» WORK TASK: A verbatim transcript of the data that follows, free of images, is the expected result.

DATA EXCERPT Start Marker

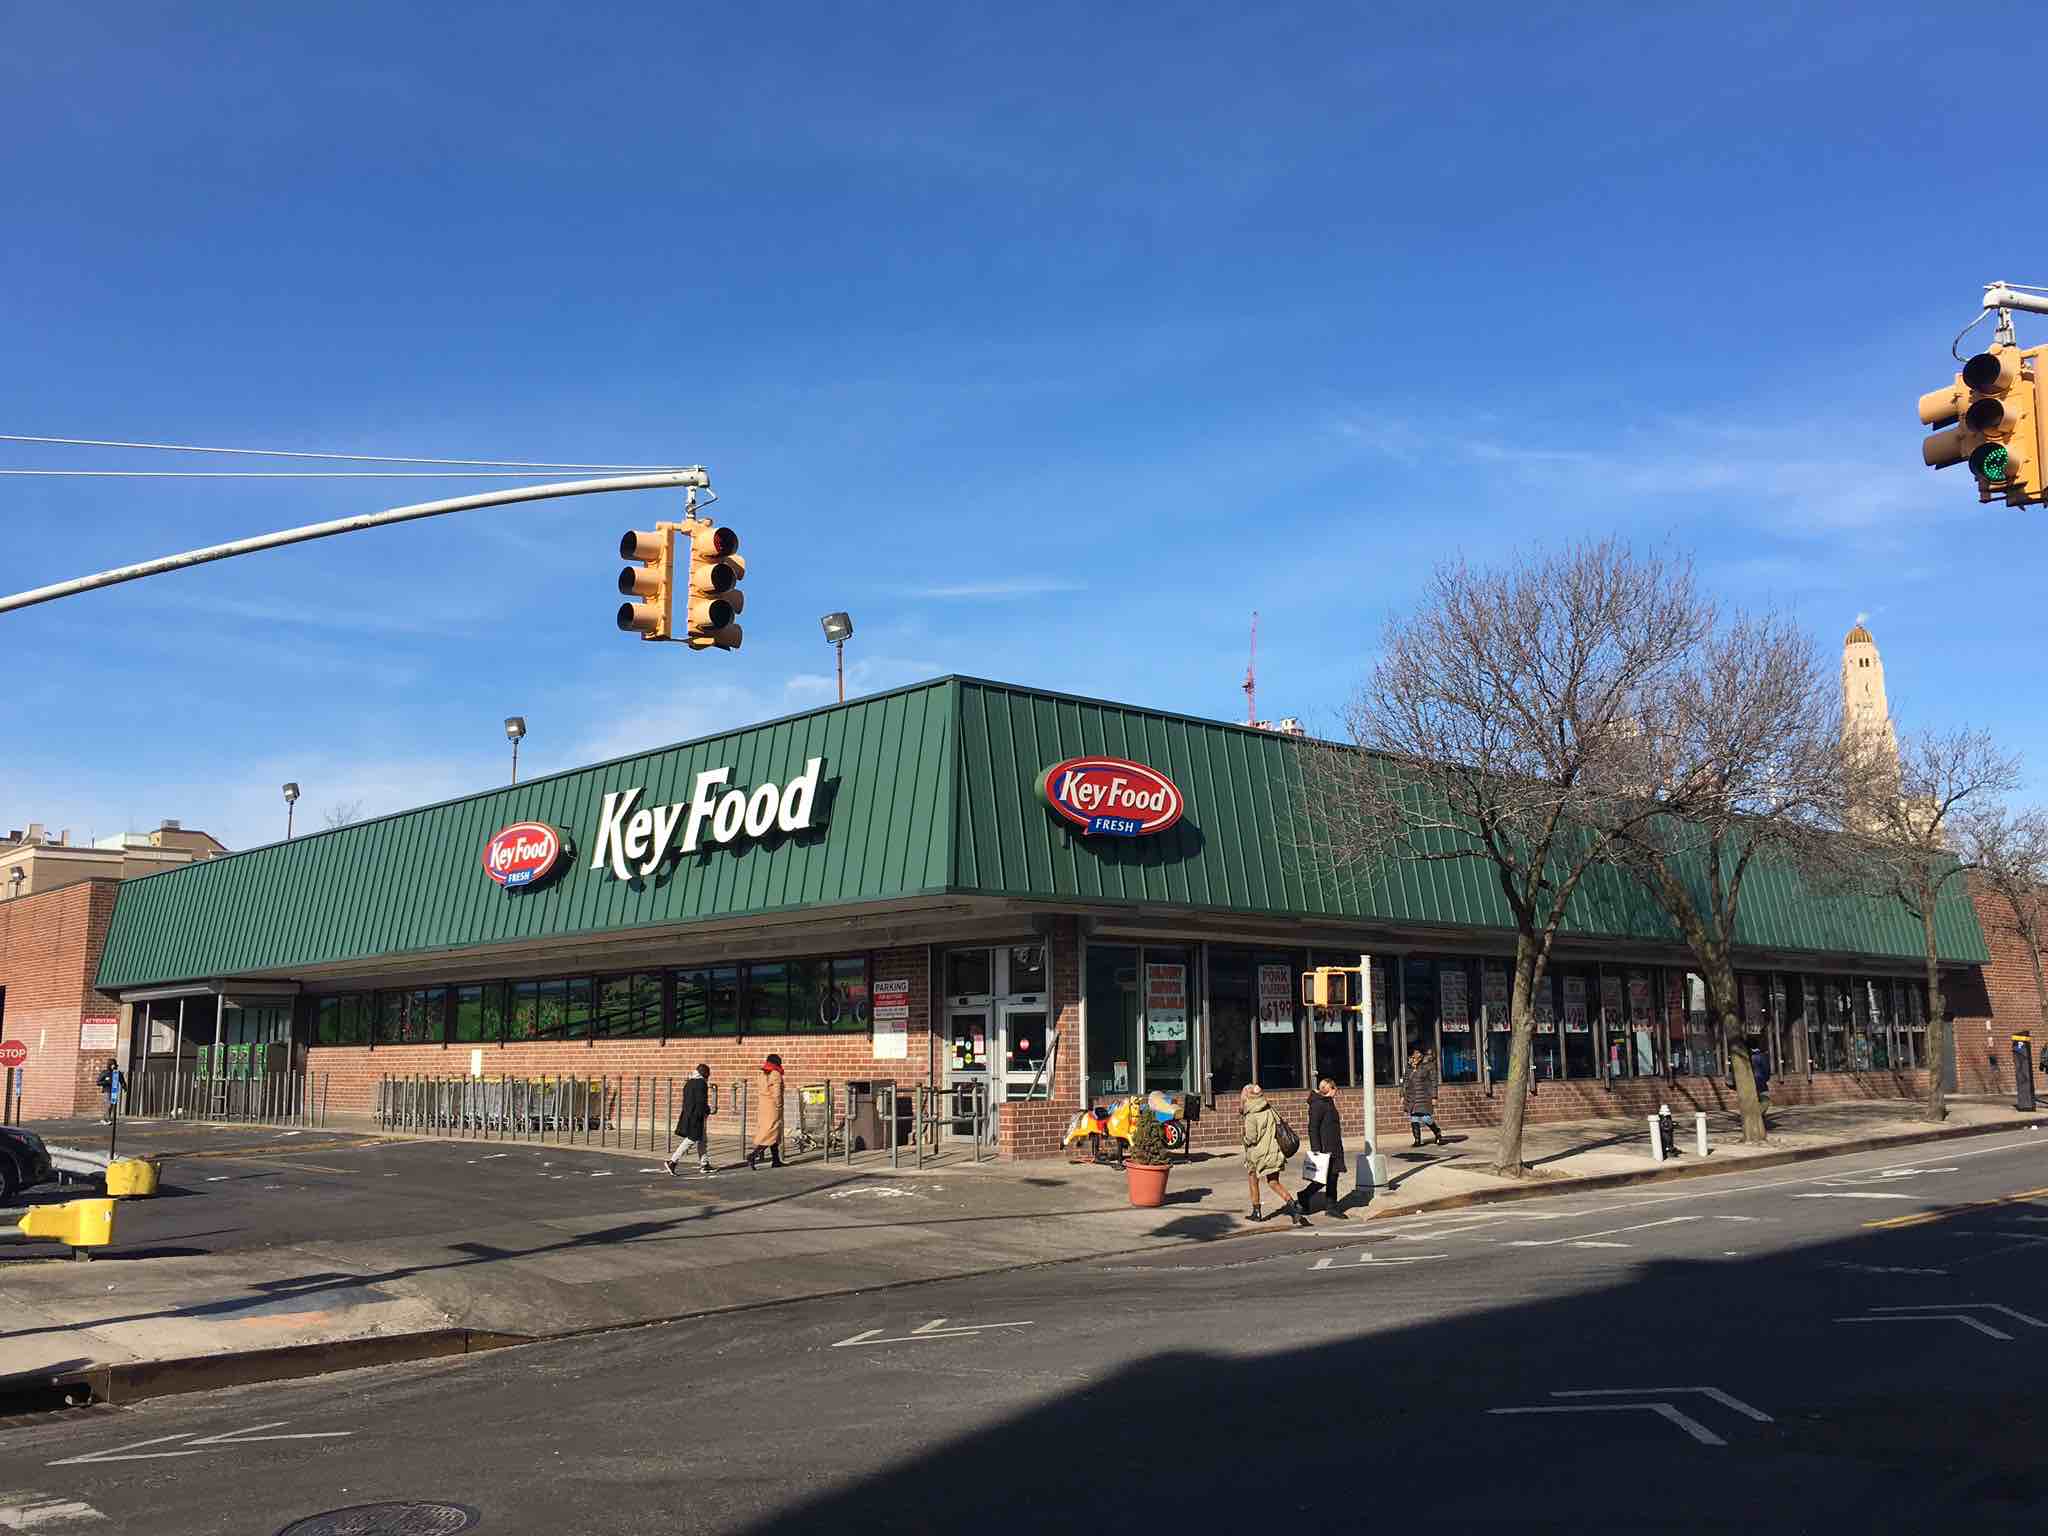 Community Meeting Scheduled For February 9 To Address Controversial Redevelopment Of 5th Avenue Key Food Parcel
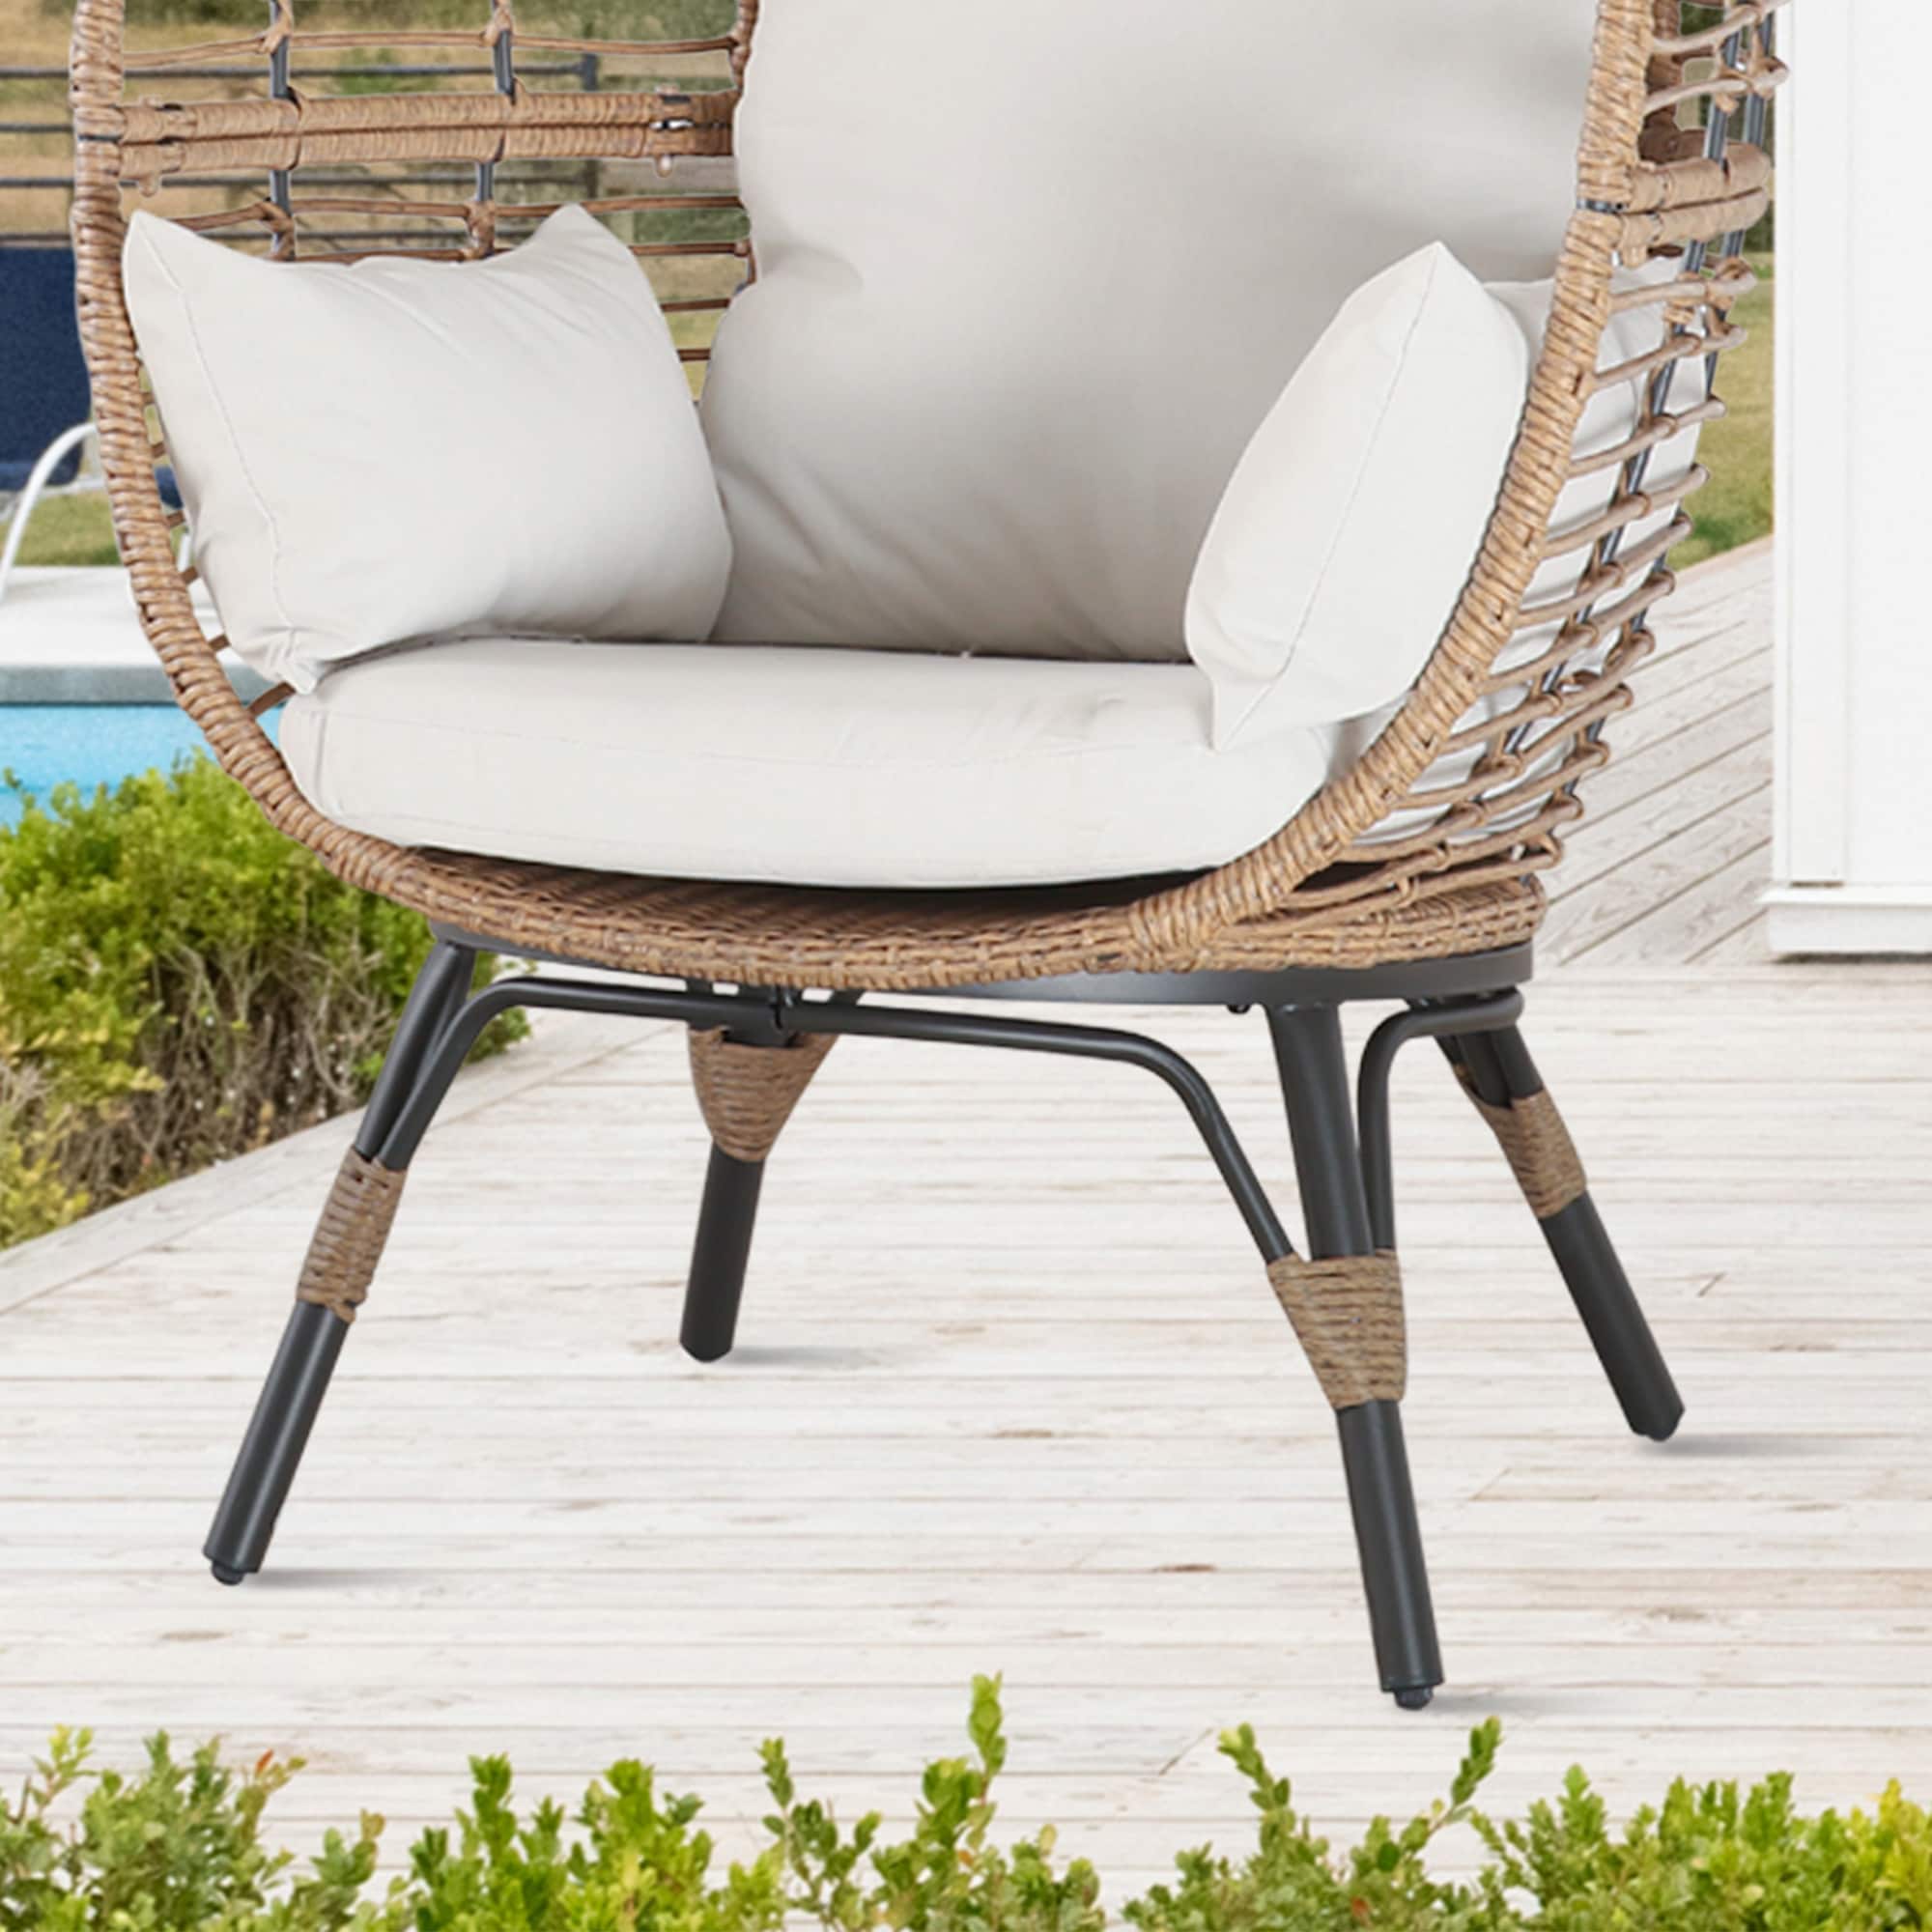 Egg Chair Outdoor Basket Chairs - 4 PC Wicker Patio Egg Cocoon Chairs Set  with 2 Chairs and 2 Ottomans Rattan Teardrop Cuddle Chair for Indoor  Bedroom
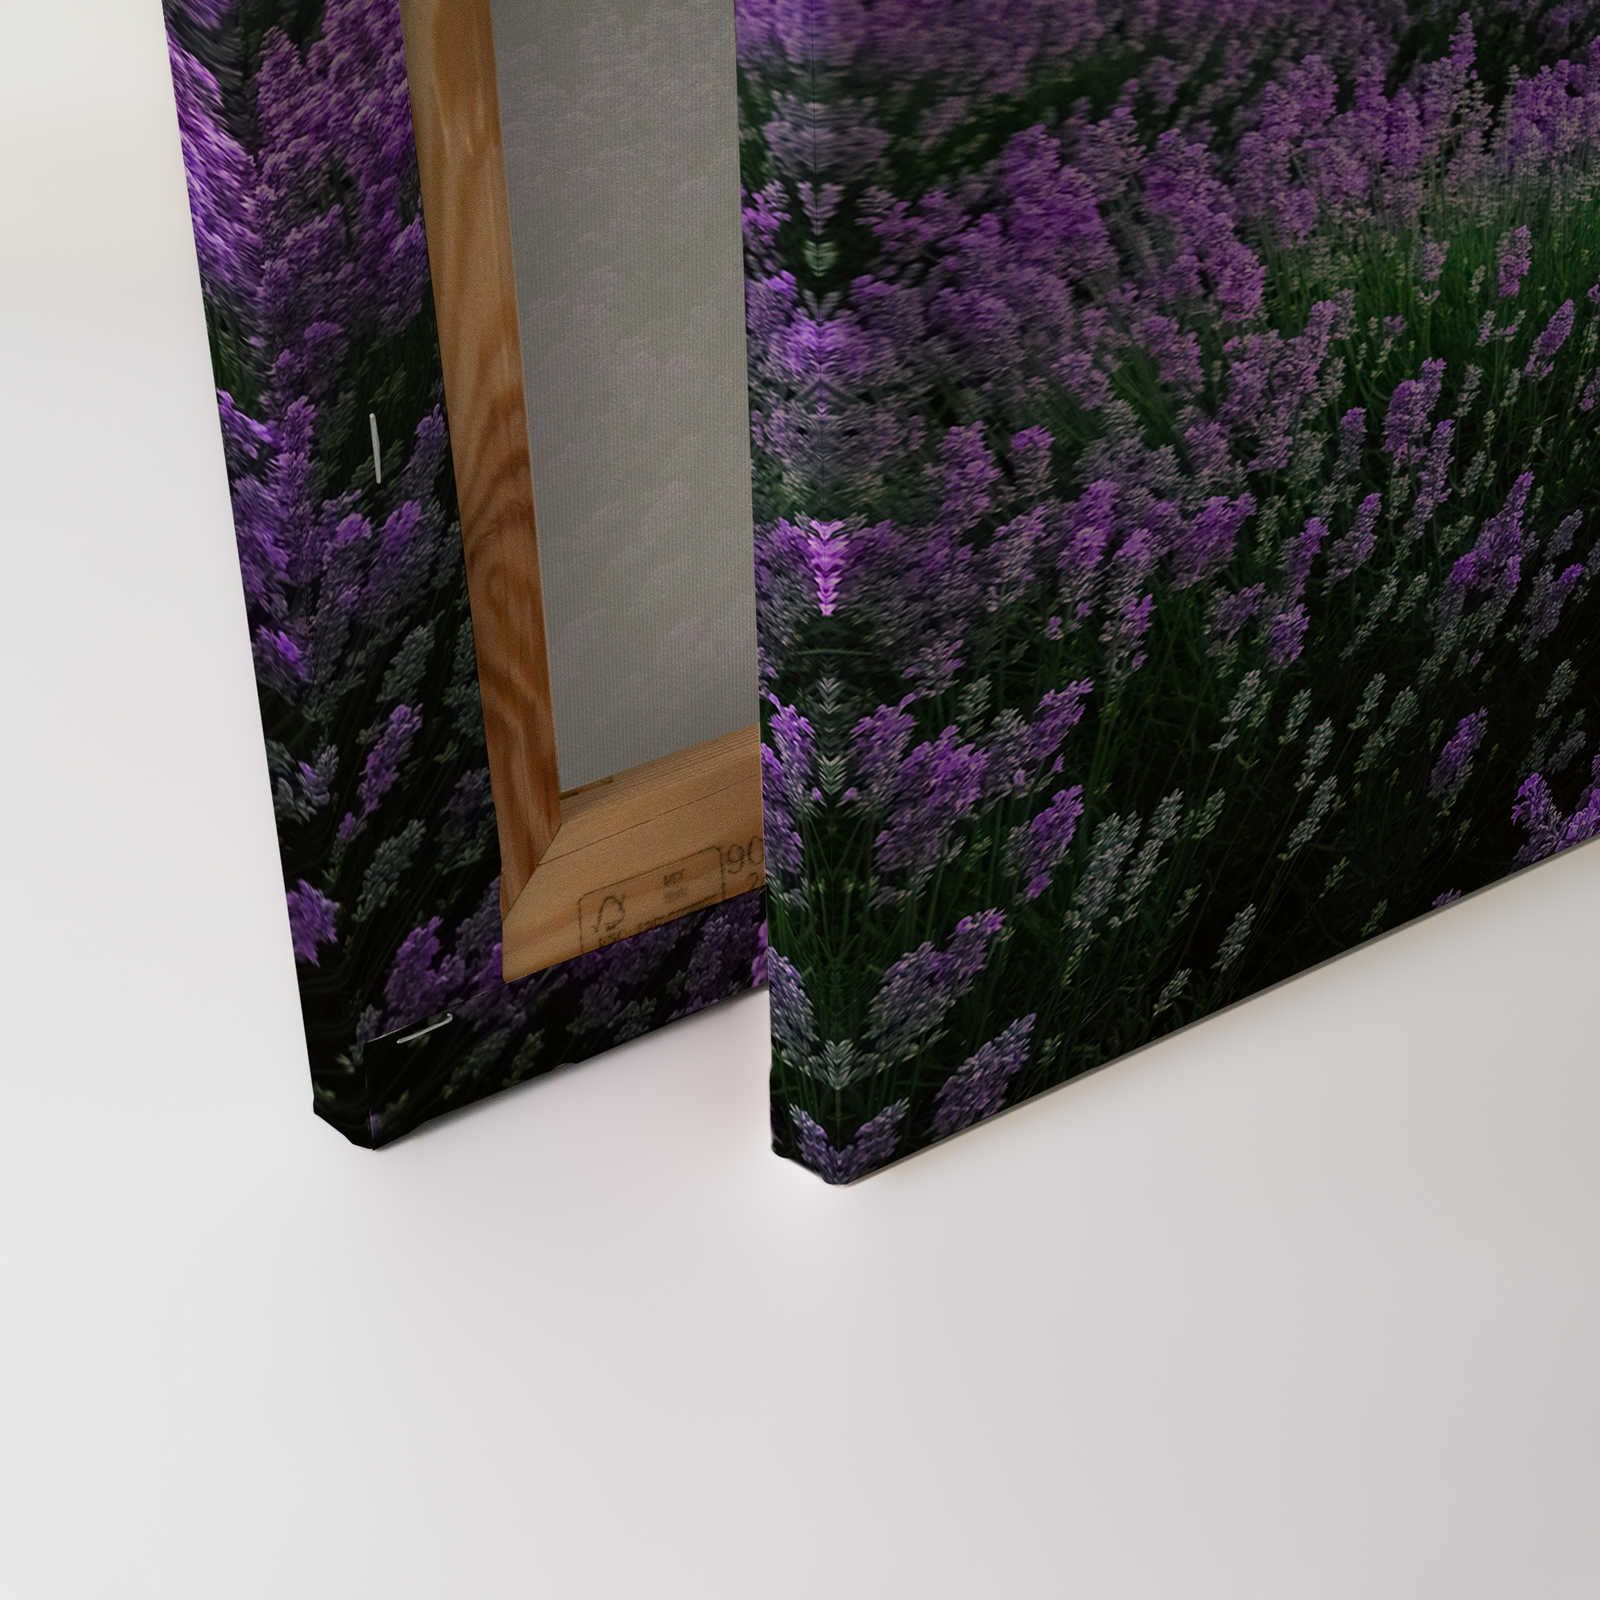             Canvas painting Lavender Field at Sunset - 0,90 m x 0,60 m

DATA EXCERPT End Marker

» YOUR RESPONSE:
 Community Meeting Scheduled For February 9 To Address Controversial Redevelopment Of 5th Avenue Key Food Parcel
 Egg Chair Outdoor Basket Chairs - 4 PC Wicker Patio Egg Cocoon Chairs Set  with 2 Chairs and 2 Ottomans Rattan Teardrop Cuddle Chair for Indoor  Bedroom
             Canvas painting Lavender Field at Sunset - 0,90 m x 0,60 m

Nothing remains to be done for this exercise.